::: Dataset excerpt :::

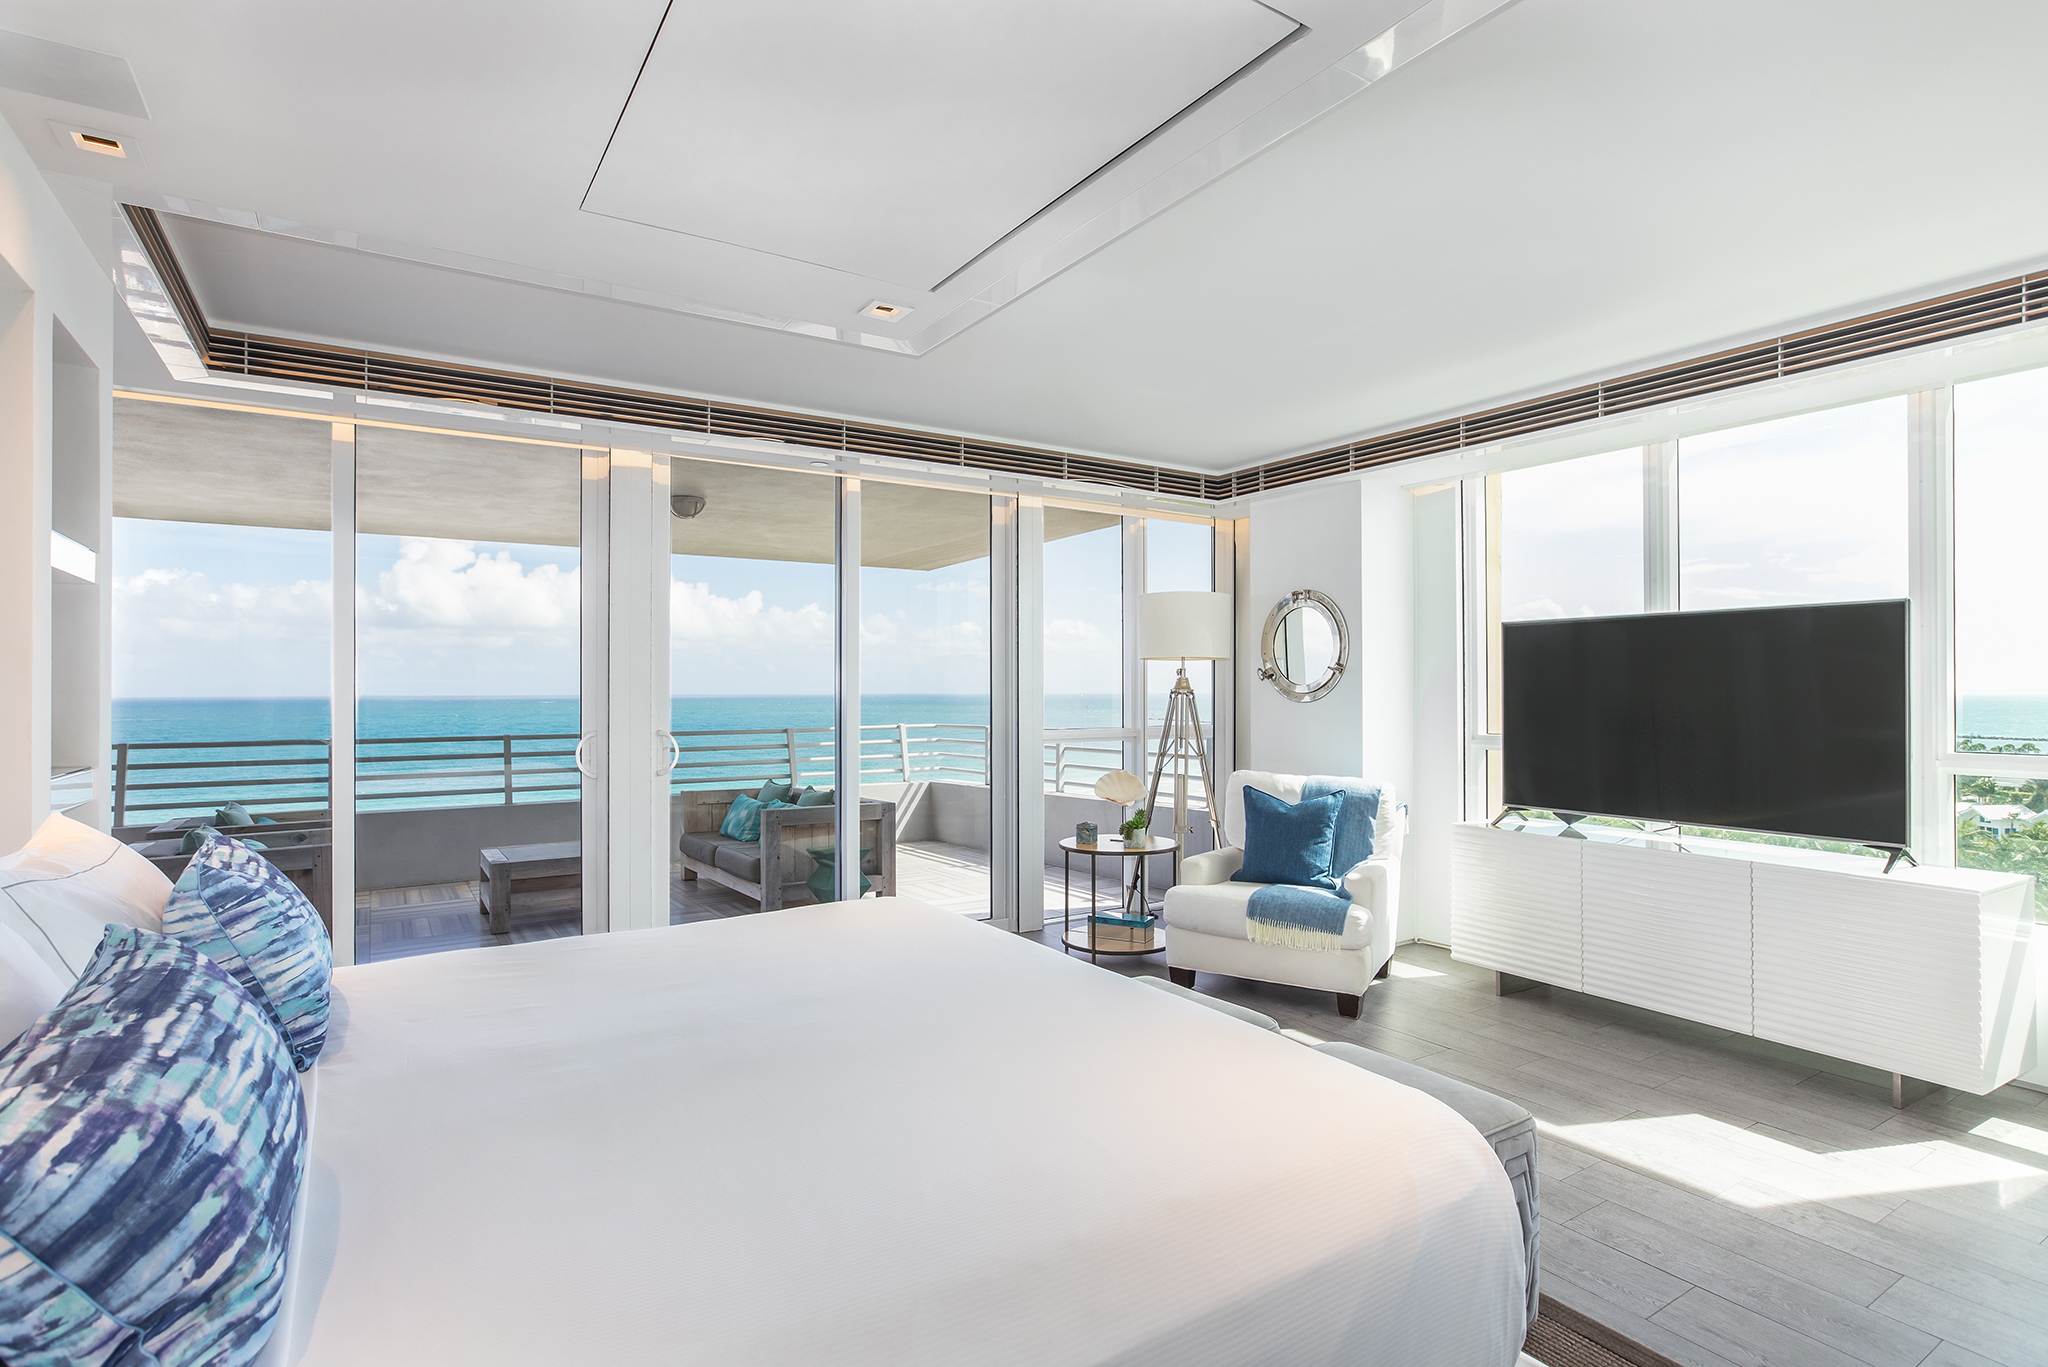 Hilton Bentley Miami South Beach Hotel Room 9
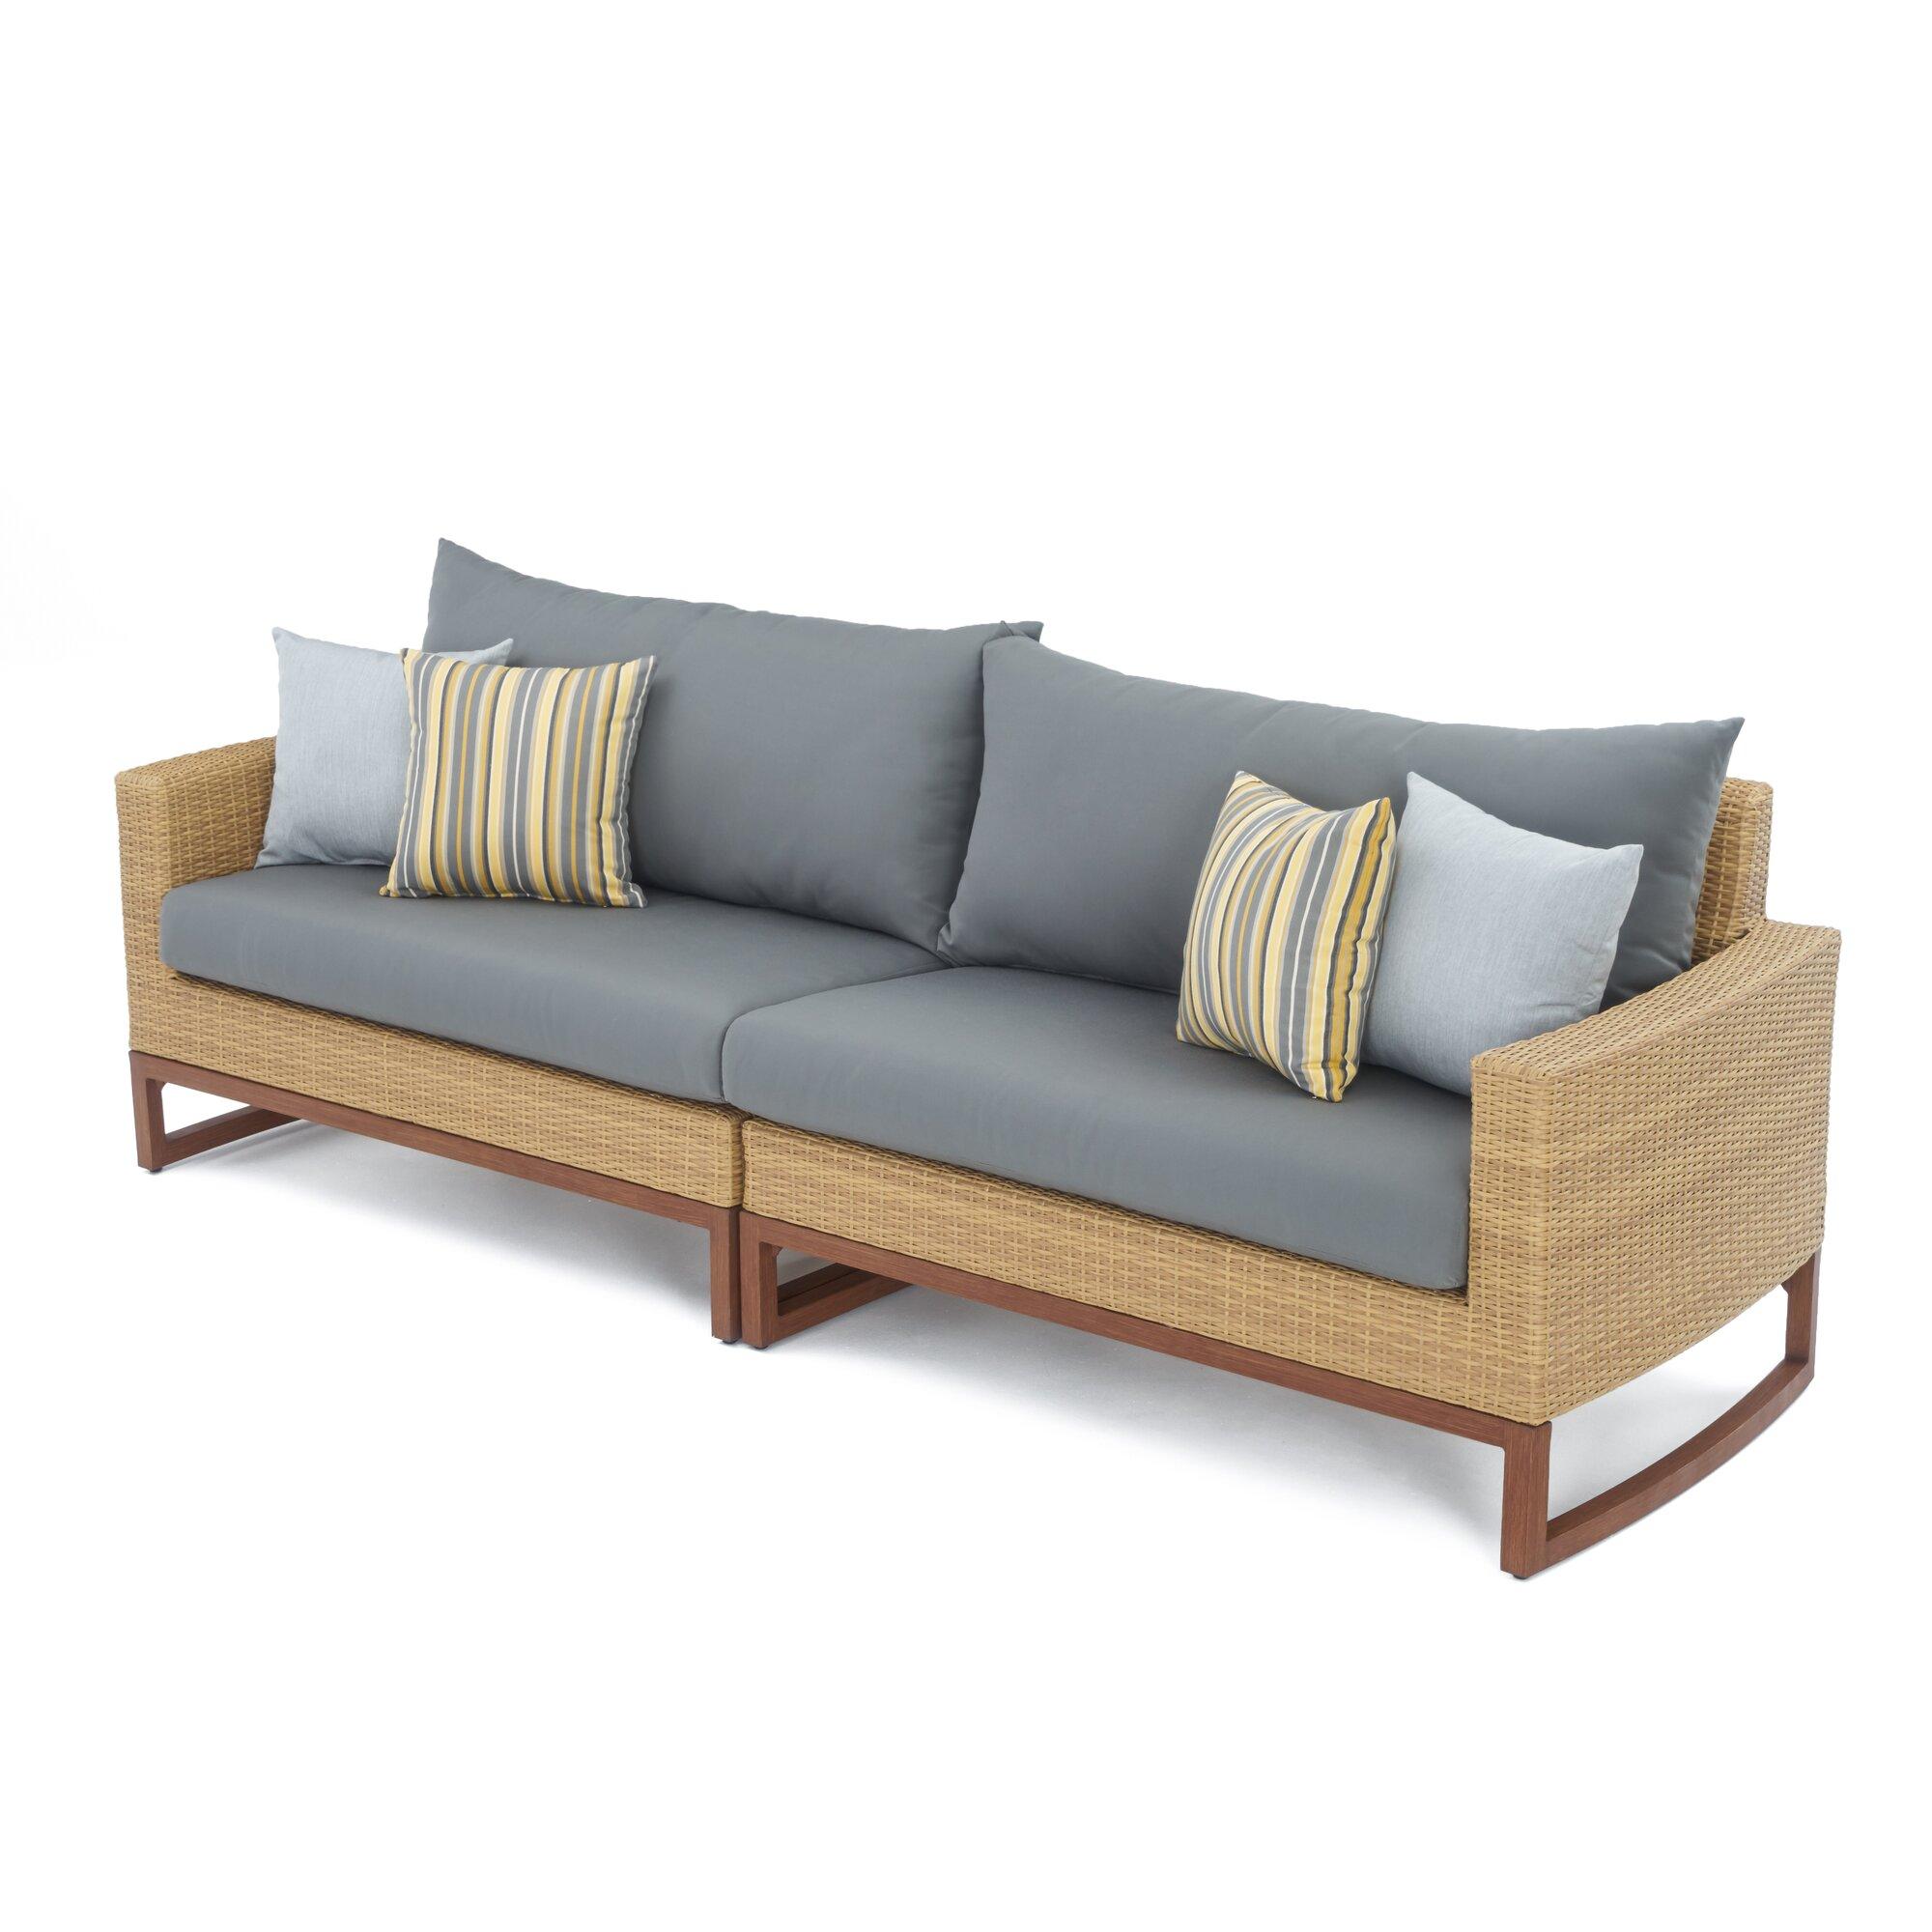 Addison 6 Piece Sectional Seating Group with Cushions : Joss u0026 Main
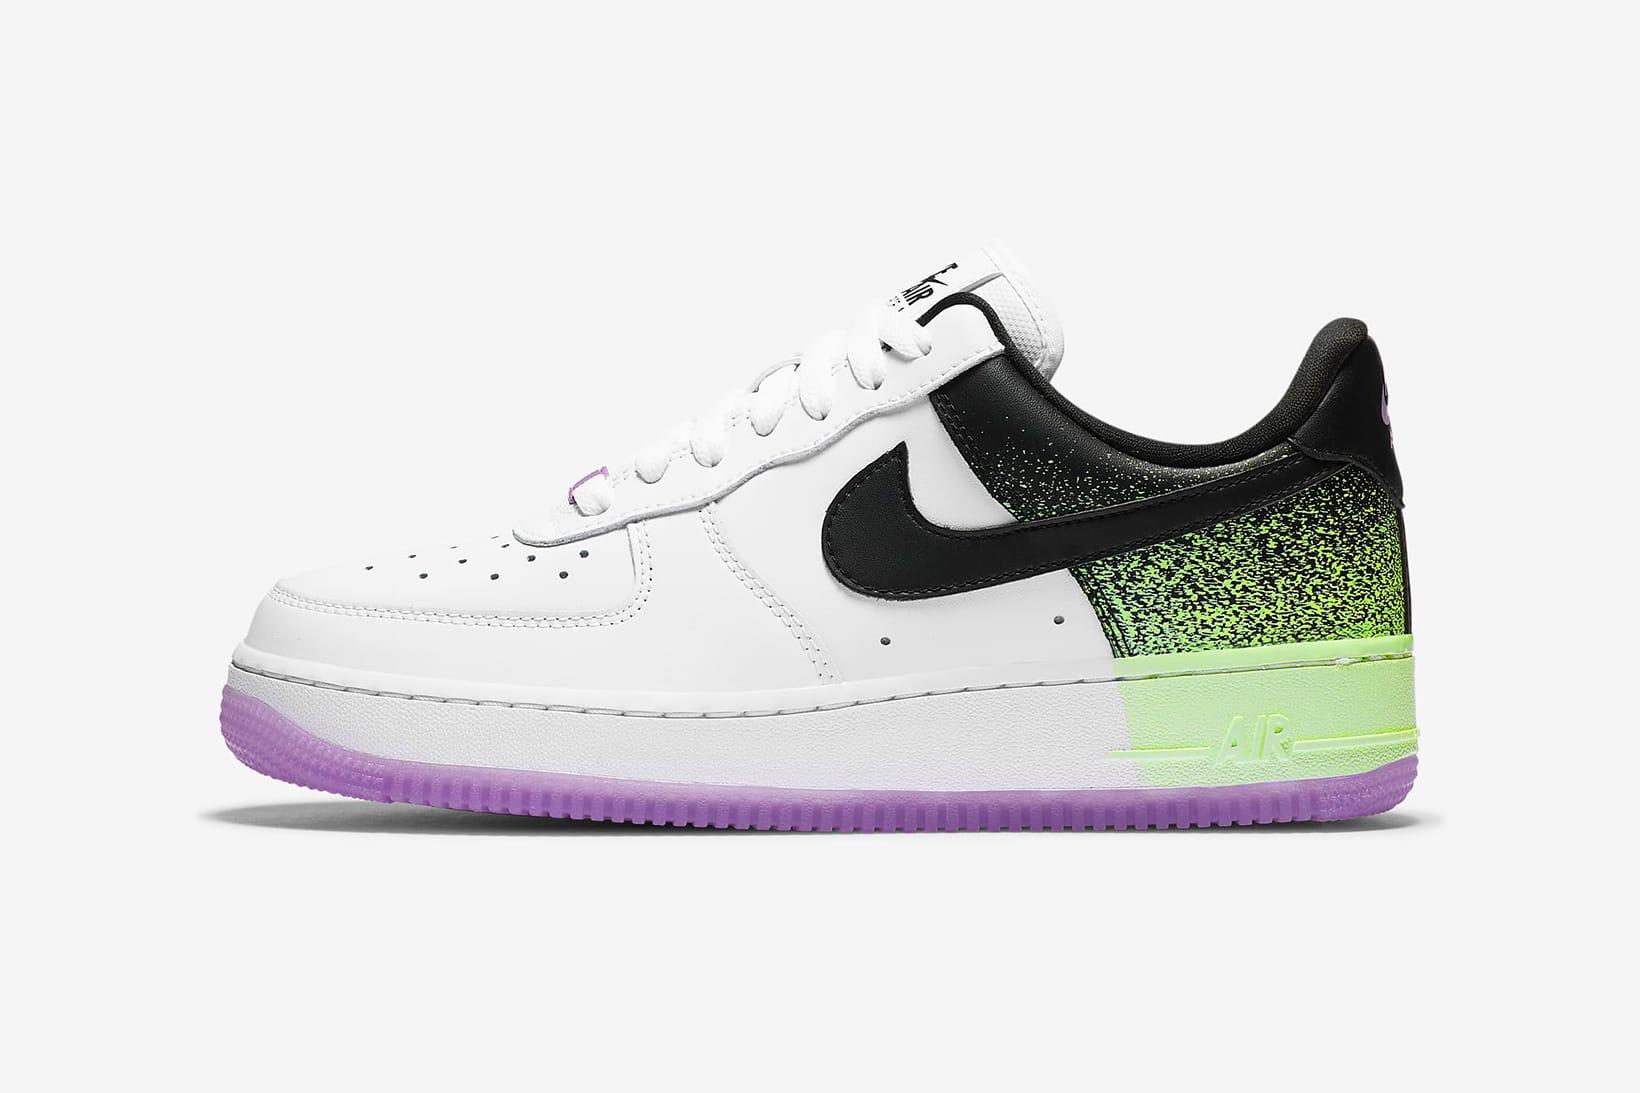 Air Force 1 '07 Neon Green/Purple

:::

Images stay out, but the rest of the data above must be repeated exactly.

 Hilton Bentley Miami South Beach Hotel Room 9
 Addison 6 Piece Sectional Seating Group with Cushions : Joss u0026 Main
 Air Force 1 '07 Neon Green/Purple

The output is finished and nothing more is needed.